To identify these anomalies, RISSK analyzes the following features:
- Interview timing (hour of the day)
- Duration of the interview and individual questions
- Geographical location (if GPS questions are set)
- Sequence of questions asked
- Modifications to question answers
- Pauses during the interview
- Statistical properties of answers (variance, entropy, etc.)
To find out individual scores use the feature_score
export option, see chapter Export feature score. For more information on how URS is calculated, refer to chapter Process description. For a detailed breakdown of all features and scores, consult FEATURES_SCORES.md.
Warning
The URS is not definitive proof of interviewer misconduct. It may include false positives, where legitimate interviews receive high scores due to unusual circumstances, and false negatives, where problematic interviews receive low scores because they contain few or no detectable anomalies. To conclusively identify interviewer misconduct, further verification and review is required. See Survey integration for more details.

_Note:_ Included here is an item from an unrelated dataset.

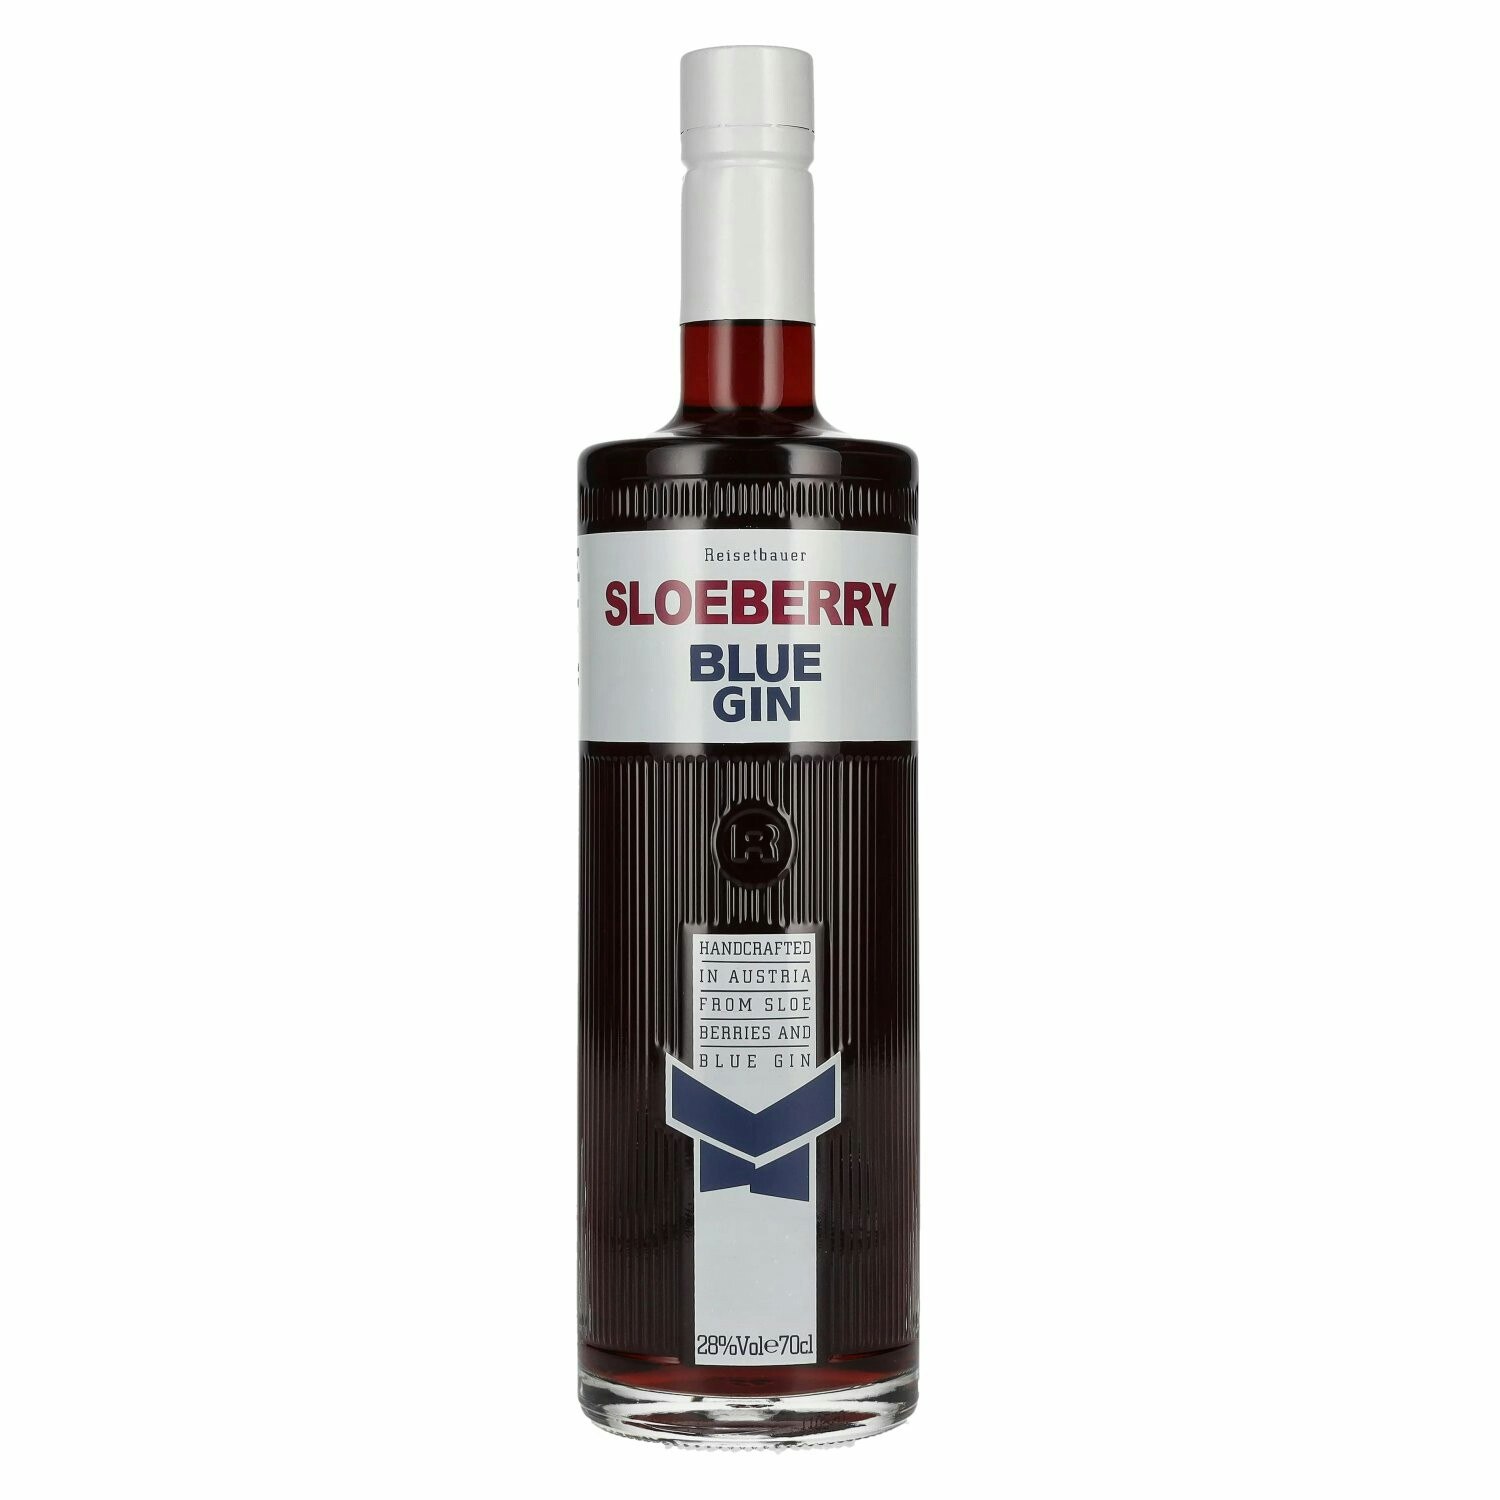 Reisetbauer Blue Gin Sloeberry Limited Edition 28% Vol. 0,7l

The URS is a relative measure, influenced by the data patterns in the set of interviews within the Survey Solutions export files. Therefor, scores will change when RISSK is run again with different data. When comparing URS between interviews, ensure that the scores were generated using the same set of export files. Direct comparison of URS values between different surveys is not advised.
By design, RISSK considers only the interview data up to the first interaction by a Supervisor or HQ role to eliminate the influence of confounding post-interview actions. This means that if substantial parts of an interview are completed after this point, the URS may not accurately reflect the interview's risk level. Consequently, modifying an interview after rejection will not improve its URS.
Note that RISSK does not currently take into account outstanding error messages or interviewer comments. These elements are easily accessible in the Survey Solutions interface and should ideally be reviewed systematically.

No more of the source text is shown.